Knowing the position of missing oxygen atoms could be the key to cheaper solid oxide fuel cells with longer lifetimes. New microscopy research from the Department of Energy's Oak Ridge National Laboratory is enabling scientists to map these vacancies at an atomic scale.
Although fuel cells hold promise as an efficient energy conversion technology, they have yet to reach mainstream markets because of their high price tag and limited lifespans. Overcoming these barriers requires a fundamental understanding of fuel cells, which produce electricity through a chemical reaction between oxygen and a fuel. As conducting oxygen ions move through the fuel cell, they travel through vacancies where oxygen atoms used to be.
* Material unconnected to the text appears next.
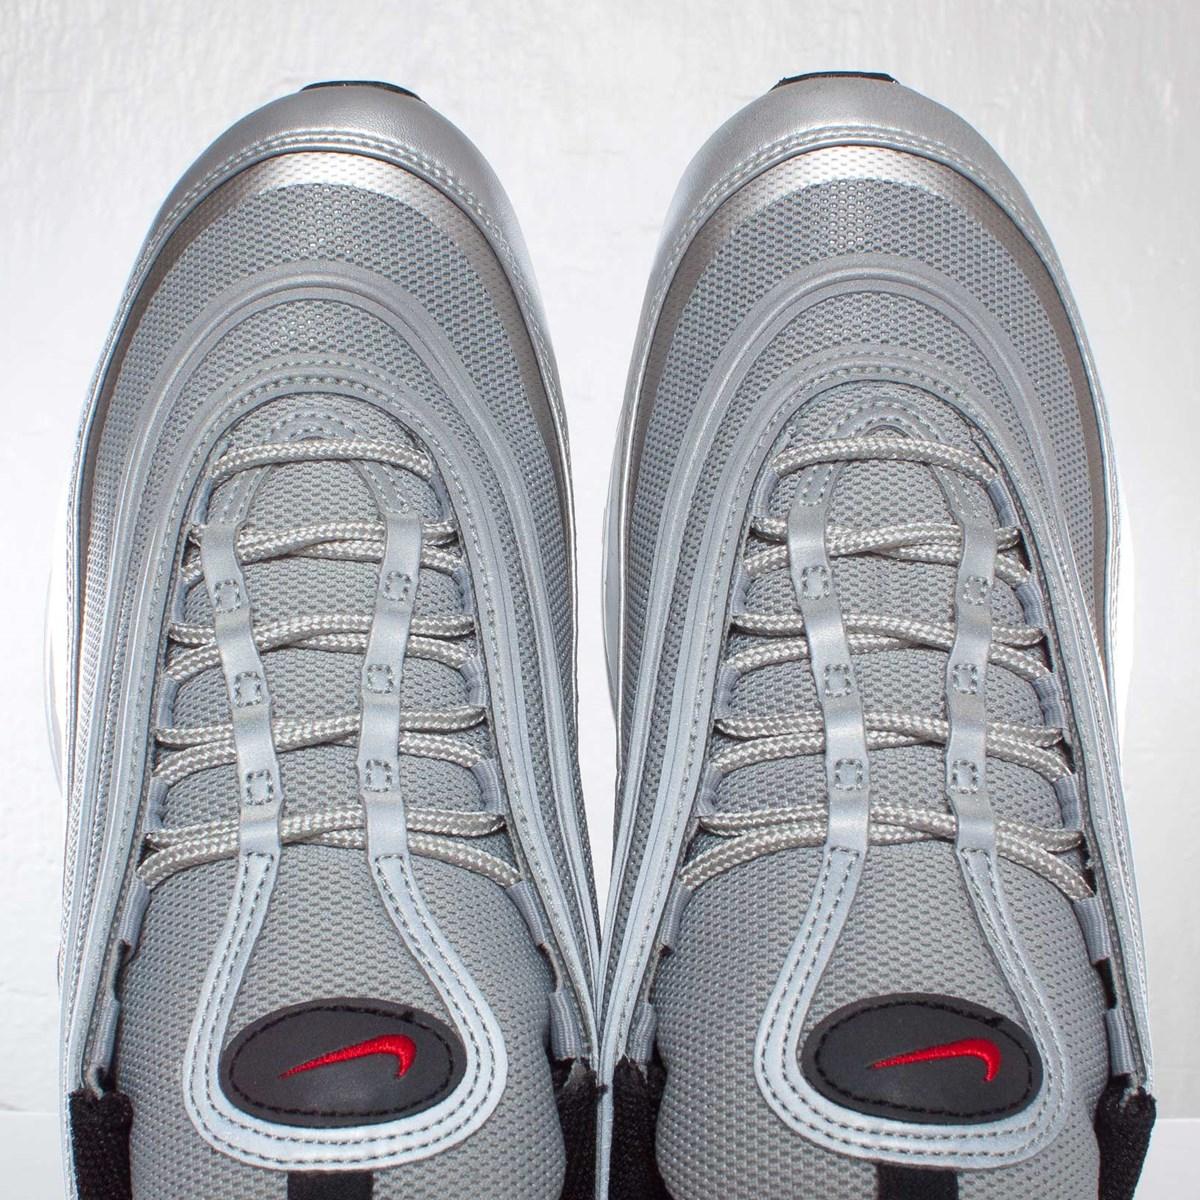 Nike Air Max 97 Premium Tape QS 624520 061

The distribution, arrangement and geometry of such oxygen vacancies in fuel cell materials are thought to affect the efficiency of the overall device.
"A big part of making a better fuel cell is to understand what the oxygen vacancies do inside the material: how fast they move, how they order, how they interact with interfaces and defects," said ORNL's Albina Borisevich. "The question is how to study them. It's one thing to see an atom of one type on the background of atoms of a different type. But in this case, you want to see if there are a few atoms missing. Seeing a void is much more difficult."
In research published in Nature Materials, ORNL scientists used scanning transmission electron microscopy to determine the distribution of oxygen vacancies in a fuel cell cathode material below the level of a single unit cell. The team verified its findings with theoretical calculations and neutron experiments at the lab's Spallation Neutron Source.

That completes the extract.